== Information shown ==
■ ■ ■ ■ ■ ■ ■

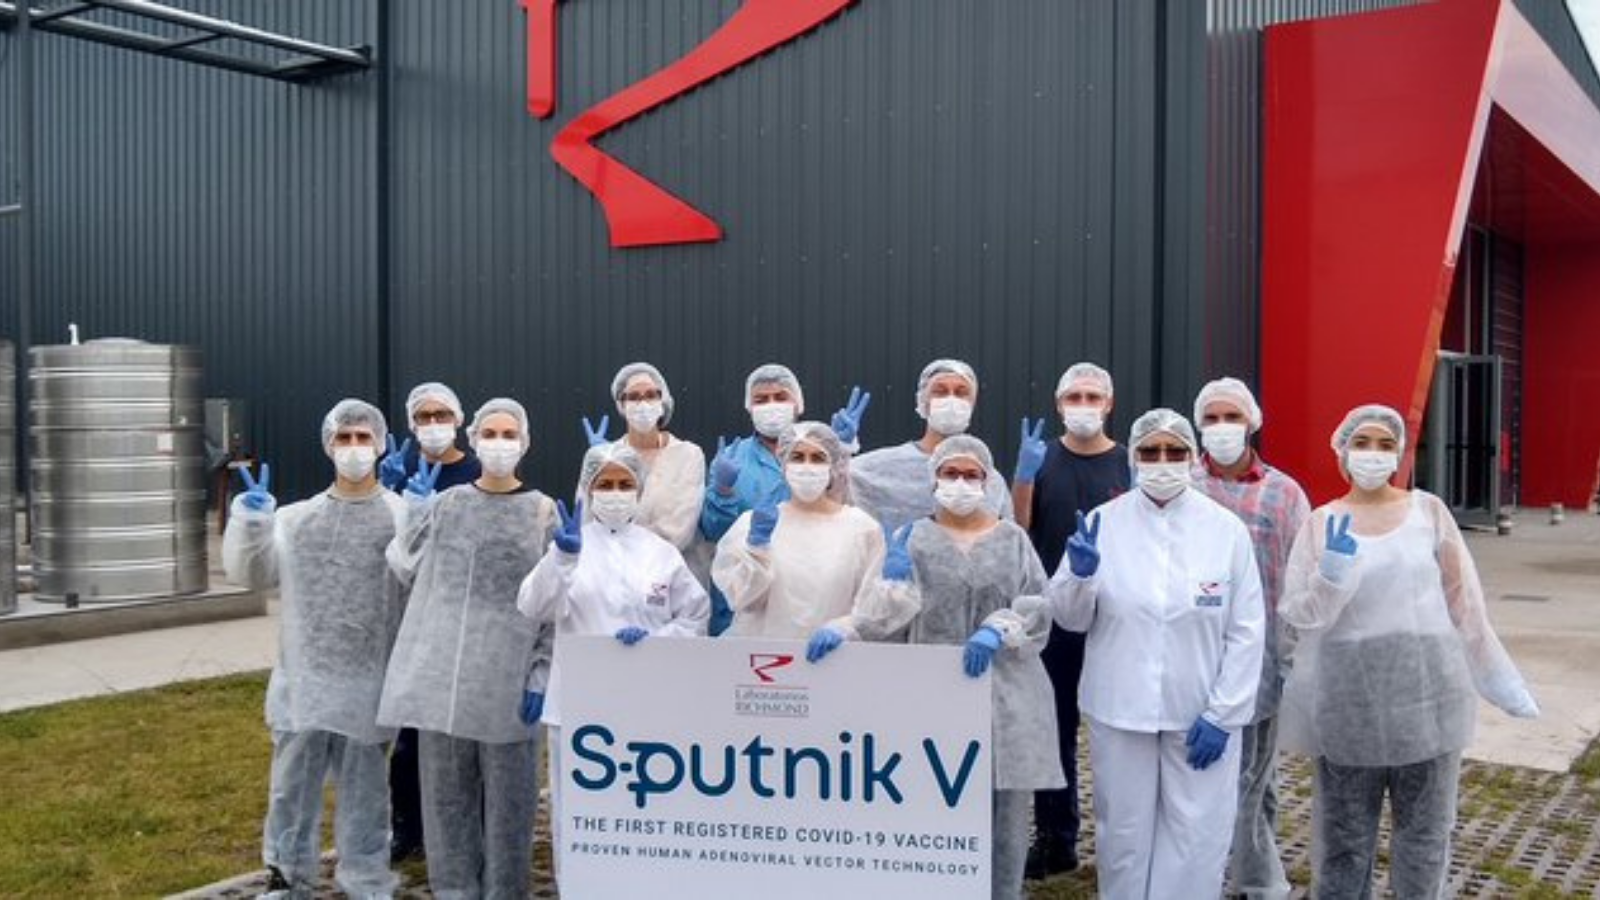 El laboratorio Richmond terminó el primer lote de vacunas Sputnik V
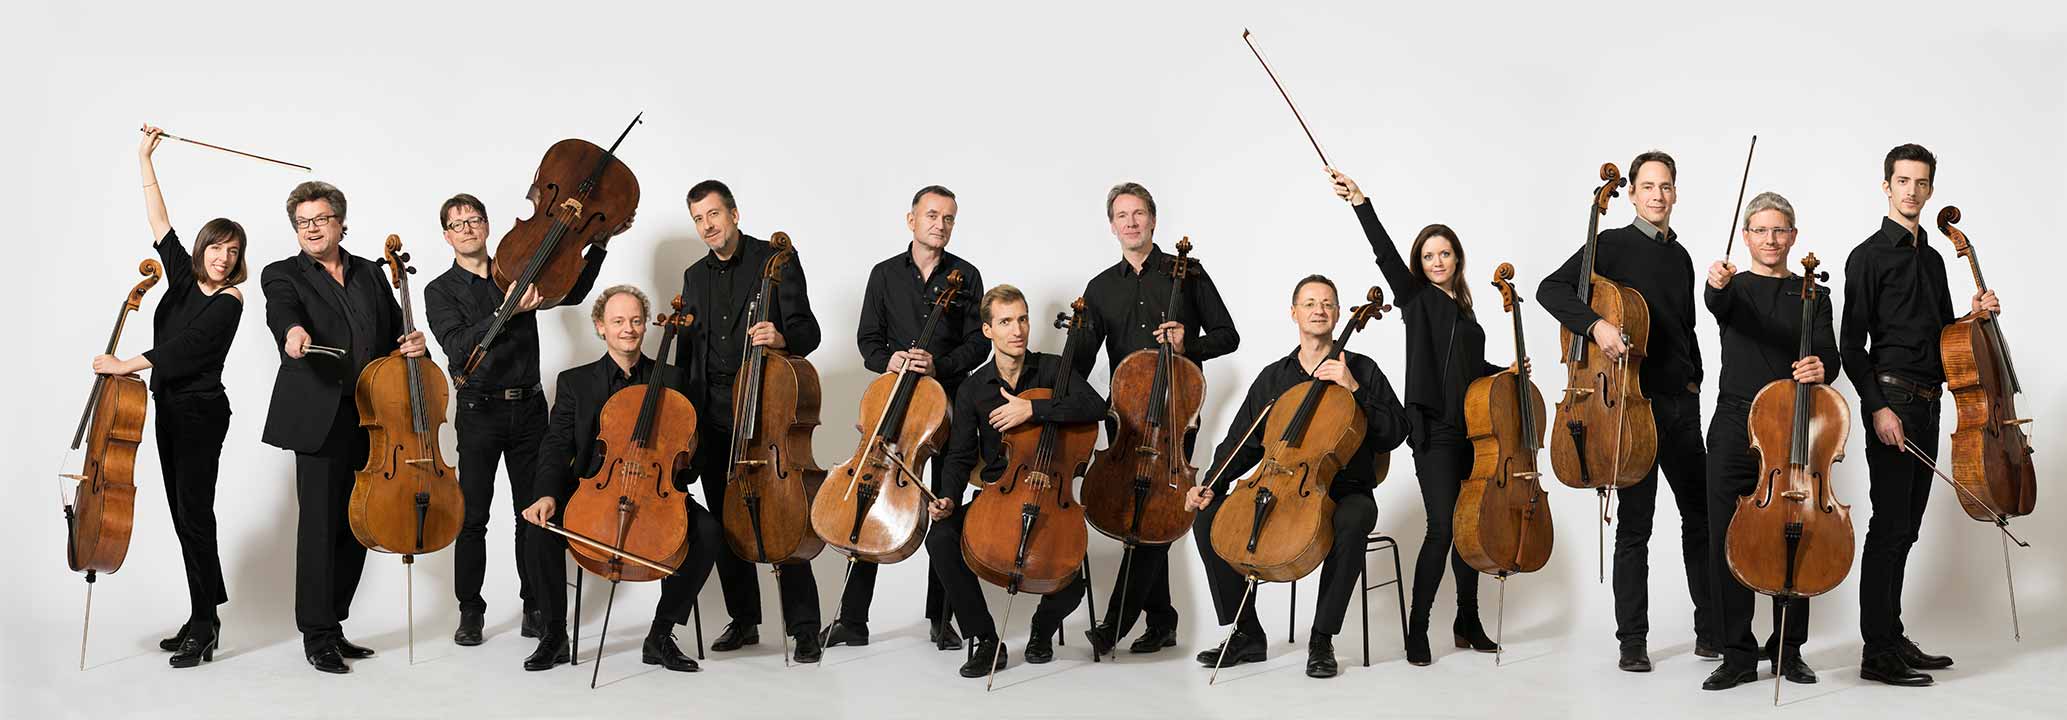 12 Cellisten der Berliner Philharmoniker © Peter Adamik
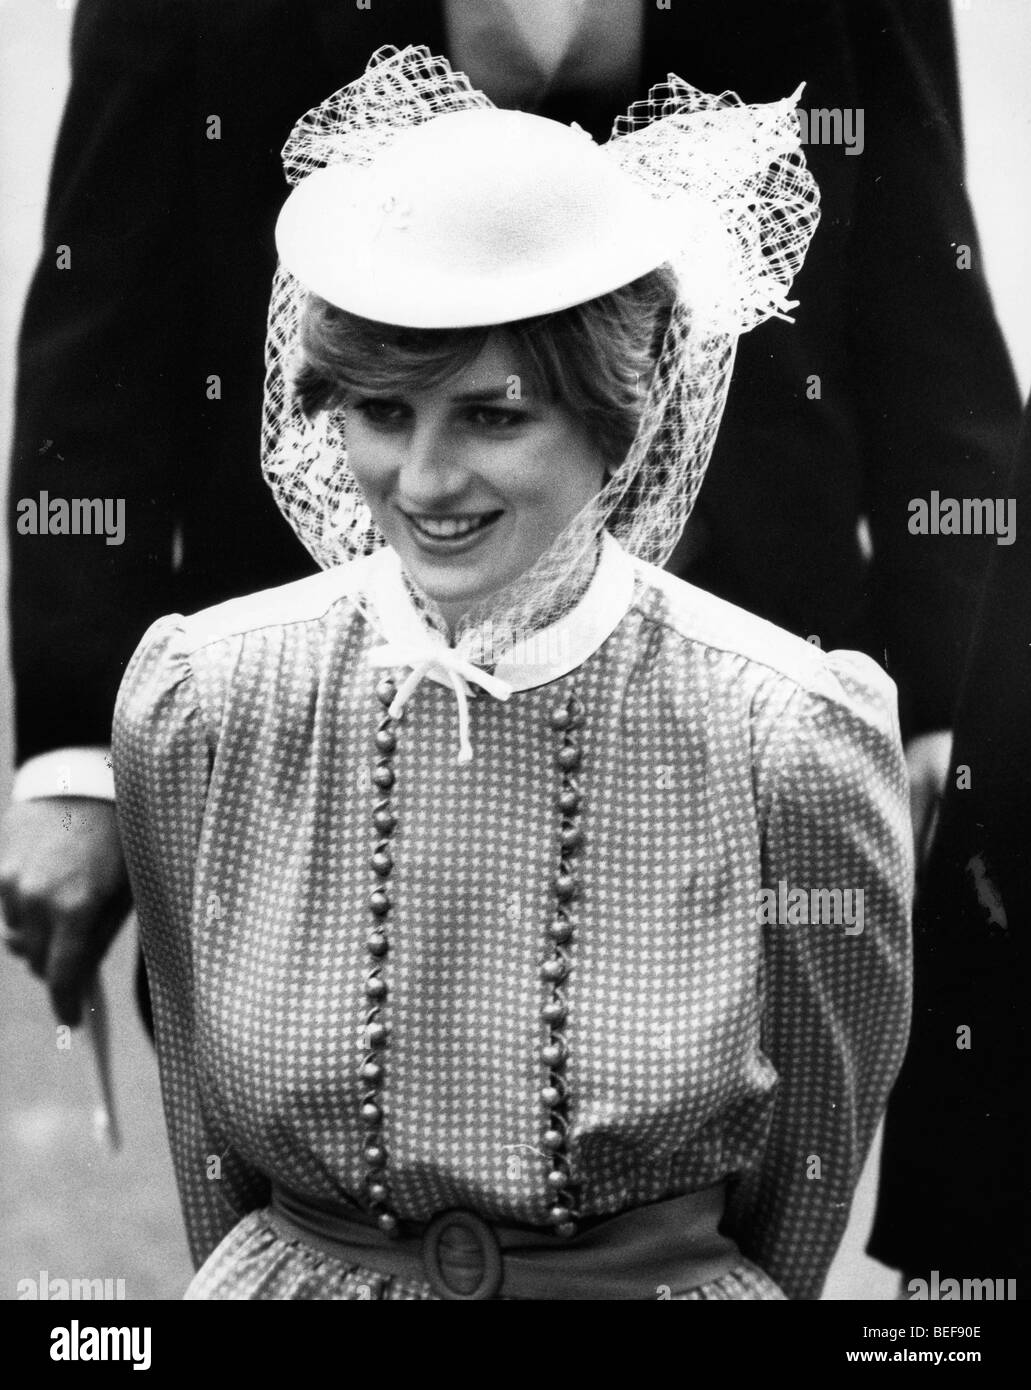 Princess Diana at Royal Ascot Stock Photo

■ ■ ■ ■ ■ ■ ■

== Required action ==
Pictures stay out. Everything else in the listing gets printed exactly.

== Output of the exercise ==
 El laboratorio Richmond terminó el primer lote de vacunas Sputnik V
 12 Cellisten der Berliner Philharmoniker © Peter Adamik
 Princess Diana at Royal Ascot Stock Photo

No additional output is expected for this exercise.